1. Web Security Academy
  2. Reference
  3. Obfuscating attacks using encodings

Obfuscating attacks using encodings

In this section, we'll show you how you can take advantage of the standard decoding performed by websites to evade input filters and inject harmful payloads for a variety of attacks, such as XSS and SQL injection.

Context-specific decoding

Both clients and servers use a variety of different encodings to pass data between systems. When they want to actually use the data, this often means they have to decode it first. The exact sequence of decoding steps that are performed depends on the context in which the data appears. For example, a query parameter is typically URL decoded server-side, while the text content of an HTML element may be HTML decoded client-side.

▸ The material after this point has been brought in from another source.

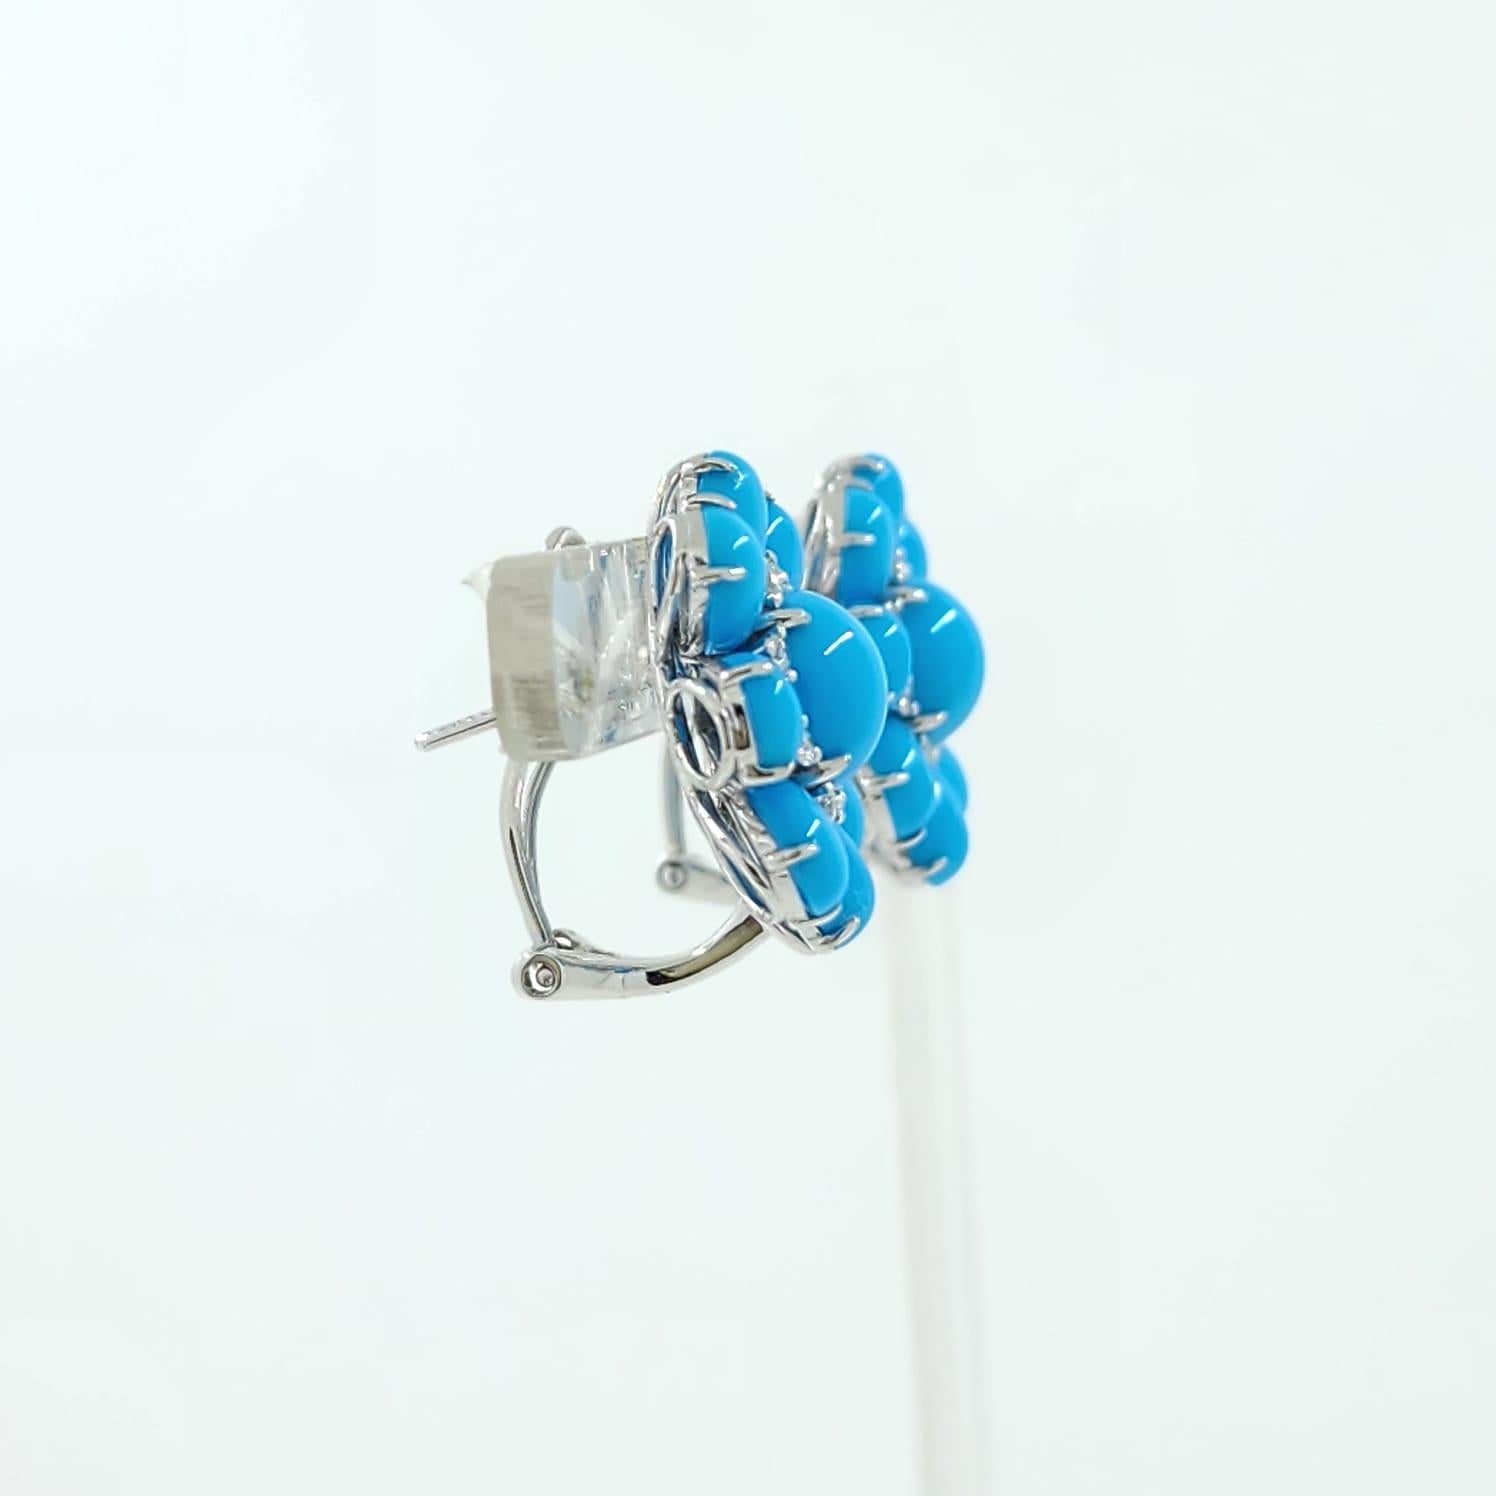 Contemporary Vintage Turquoise Diamond Earrings in 14 Karat White Gold For Sale

When constructing an attack, you should think about where exactly your payload is being injected. If you can infer how your input is being decoded based on this context, you can potentially identify alternative ways to represent the same payload.

Decoding discrepancies

Injection attacks often involve injecting payloads that use recognizable patterns, such as HTML tags, JavaScript functions, or SQL statements. As the inputs for these payloads are almost never expected to contain user-supplied code or markup, websites often implement defences that block requests containing these suspicious patterns.

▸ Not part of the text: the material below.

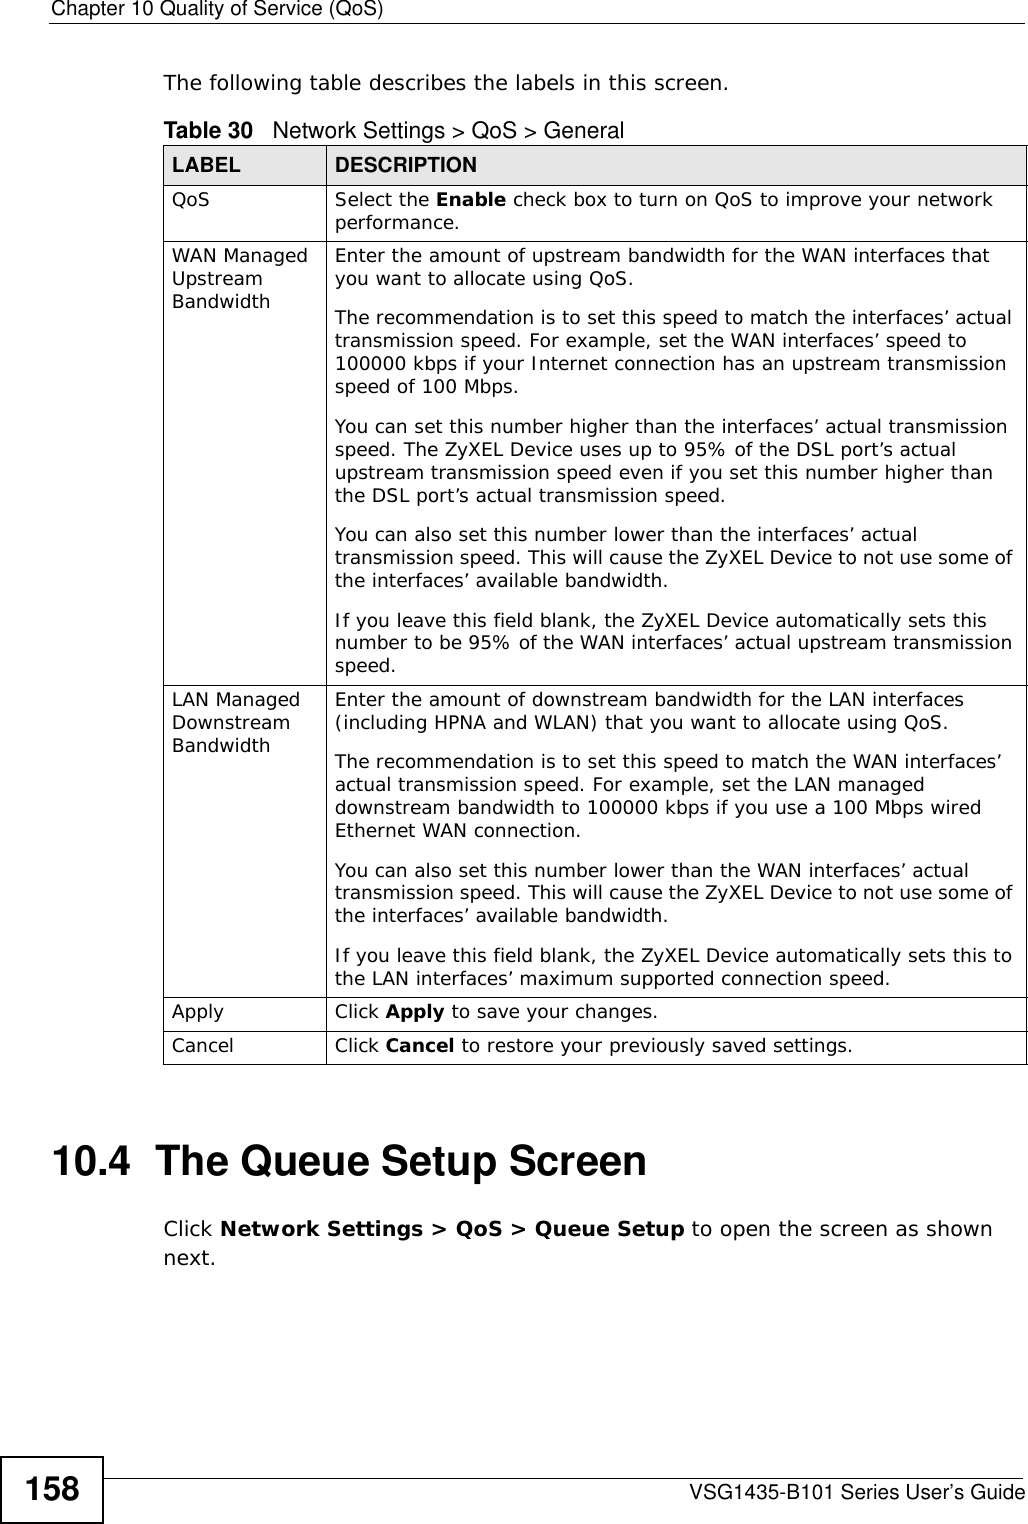 Chapter 10 Quality of Service (QoS)VSG1435-B101 Series User’s Guide158The following table describes the labels in this screen. 10.4  The Queue Setup ScreenClick Network Settings &gt; QoS &gt; Queue Setup to open the screen as shown next. Table 30   Network Settings &gt; QoS &gt; GeneralLABEL DESCRIPTIONQoS Select the Enable check box to turn on QoS to improve your network performance. WAN Managed Upstream Bandwidth Enter the amount of upstream bandwidth for the WAN interfaces that you want to allocate using QoS. The recommendation is to set this speed to match the interfaces’ actual transmission speed. For example, set the WAN interfaces’ speed to 100000 kbps if your Internet connection has an upstream transmission speed of 100 Mbps.        You can set this number higher than the interfaces’ actual transmission speed. The ZyXEL Device uses up to 95% of the DSL port’s actual upstream transmission speed even if you set this number higher than the DSL port’s actual transmission speed.You can also set this number lower than the interfaces’ actual transmission speed. This will cause the ZyXEL Device to not use some of the interfaces’ available bandwidth.If you leave this field blank, the ZyXEL Device automatically sets this number to be 95% of the WAN interfaces’ actual upstream transmission speed.LAN Managed Downstream Bandwidth Enter the amount of downstream bandwidth for the LAN interfaces (including HPNA and WLAN) that you want to allocate using QoS. The recommendation is to set this speed to match the WAN interfaces’ actual transmission speed. For example, set the LAN managed downstream bandwidth to 100000 kbps if you use a 100 Mbps wired Ethernet WAN connection.        You can also set this number lower than the WAN interfaces’ actual transmission speed. This will cause the ZyXEL Device to not use some of the interfaces’ available bandwidth.If you leave this field blank, the ZyXEL Device automatically sets this to the LAN interfaces’ maximum supported connection speed.Apply Click Apply to save your changes.Cancel Click Cancel to restore your previously saved settings.

However, these kinds of input filters also need to decode the input in order to check whether it's safe or not. From a security perspective, it's vital that the decoding performed when checking the input is the same as the decoding performed by the back-end server or browser when it eventually uses the data. Any discrepancy can enable an attacker to sneak harmful payloads past the filter by applying different encodings that will automatically be removed later.

Obfuscation via URL encoding

In URLs, a series of reserved characters carry special meaning. For example, an ampersand (&) is used as a delimiter to separate parameters in the query string. The problem is, URL-based inputs may contain these characters for a different reason. Consider a parameter containing a user's search query. What happens if the user searches for something like "Fish & Chips"?

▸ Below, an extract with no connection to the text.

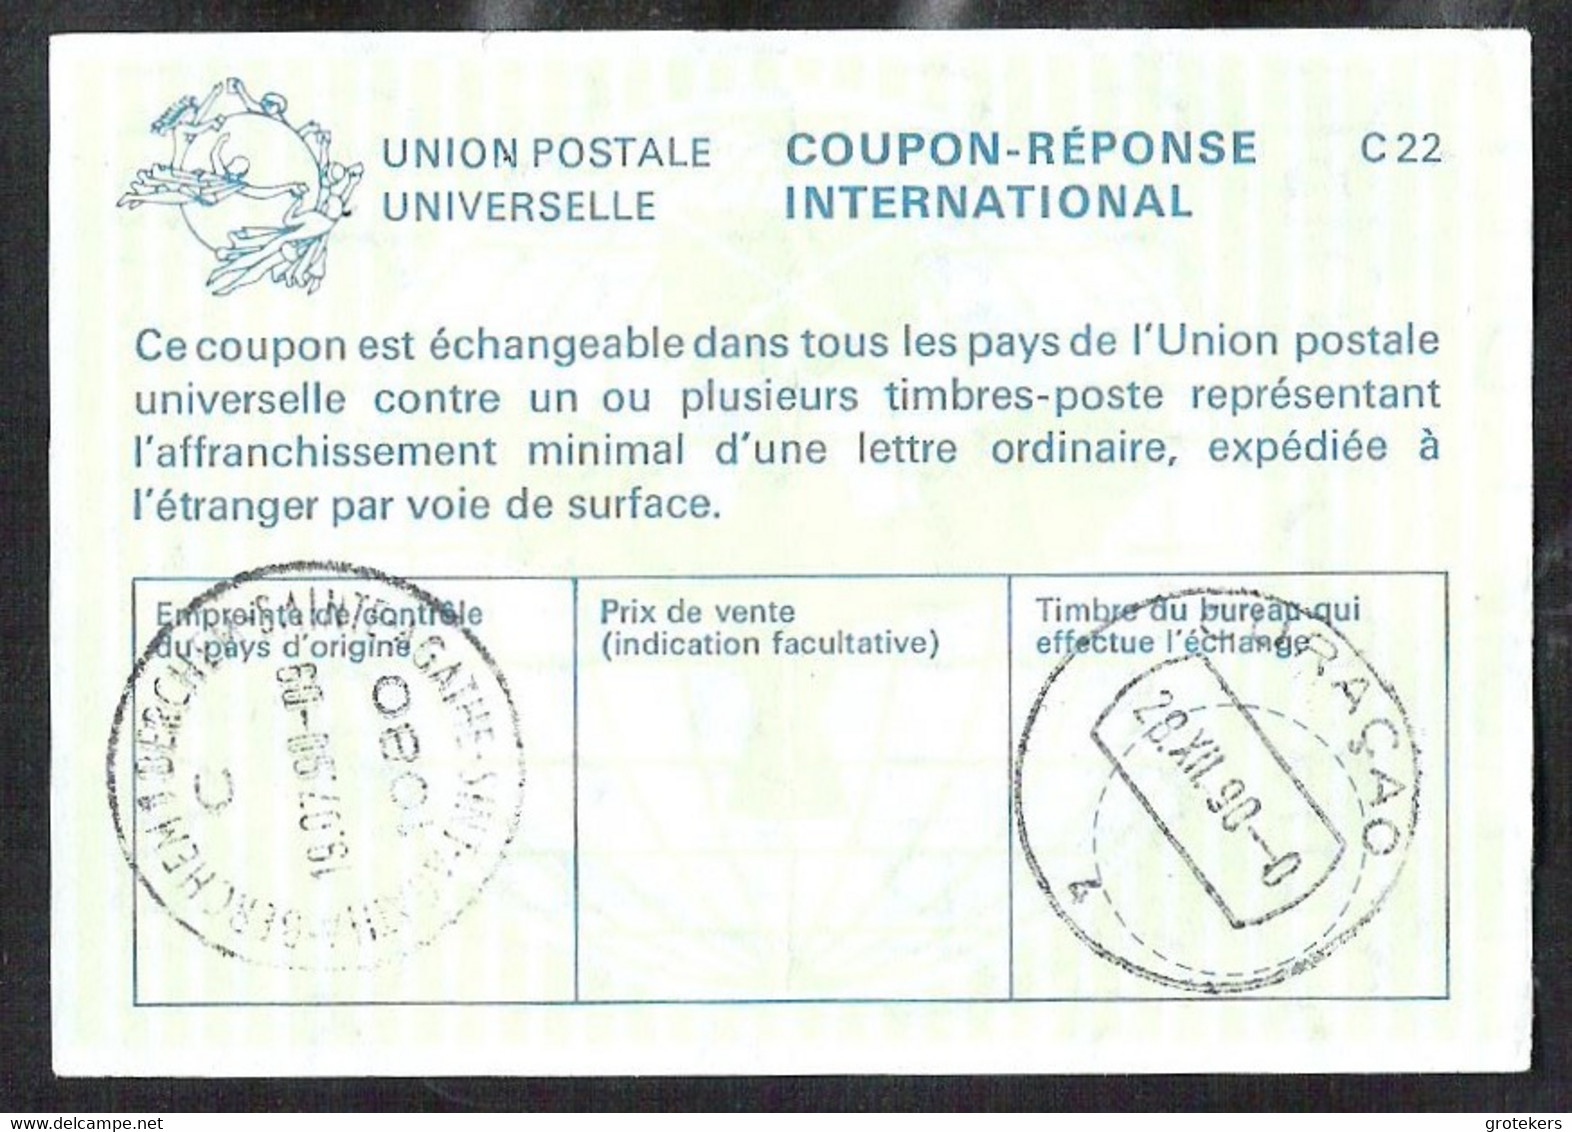 BELGIUM International Reply Coupon Issued BERCHEM Sainte Agathe 1990 Cashed In Curaçao - Internationale Antwoordcoupons

Browsers automatically URL encode any characters that may cause ambiguity for parsers. This usually means substituting them with a % character and their 2-digit hex code as follows:

[...]/?search=Fish+%26+Chips

This ensures that the ampersand will not be mistaken for a delimiter.

Note

Although the space character can be encoded as %20, it is often represented by a plus (+) instead, as in the example above.

Any URL-based input is automatically URL decoded server-side before it is assigned to the relevant variables. This means that, as far as most servers are concerned, sequences like %22, %3D, and %3E in a query parameter are synonymous with ", <, and > characters respectively. In other words, you can inject URL-encoded data via the URL and it will usually still be interpreted correctly by the back-end application.

Occasionally, you may find that WAFs and suchlike fail to properly URL decode your input when checking it. In this case, you may be able to smuggle payloads to the back-end application simply by encoding any characters or words that are blacklisted. For example, in a SQL injection attack, you might encode the keywords, so SELECT becomes %53%45%4C%45%43%54 and so on.

Obfuscation via double URL encoding

For one reason or another, some servers perform two rounds of URL decoding on any URLs they receive. This isn't necessarily an issue in its own right, provided that any security mechanisms also double-decode the input when checking it. Otherwise, this discrepancy enables an attacker to smuggle malicious input to the back-end by simply encoding it twice.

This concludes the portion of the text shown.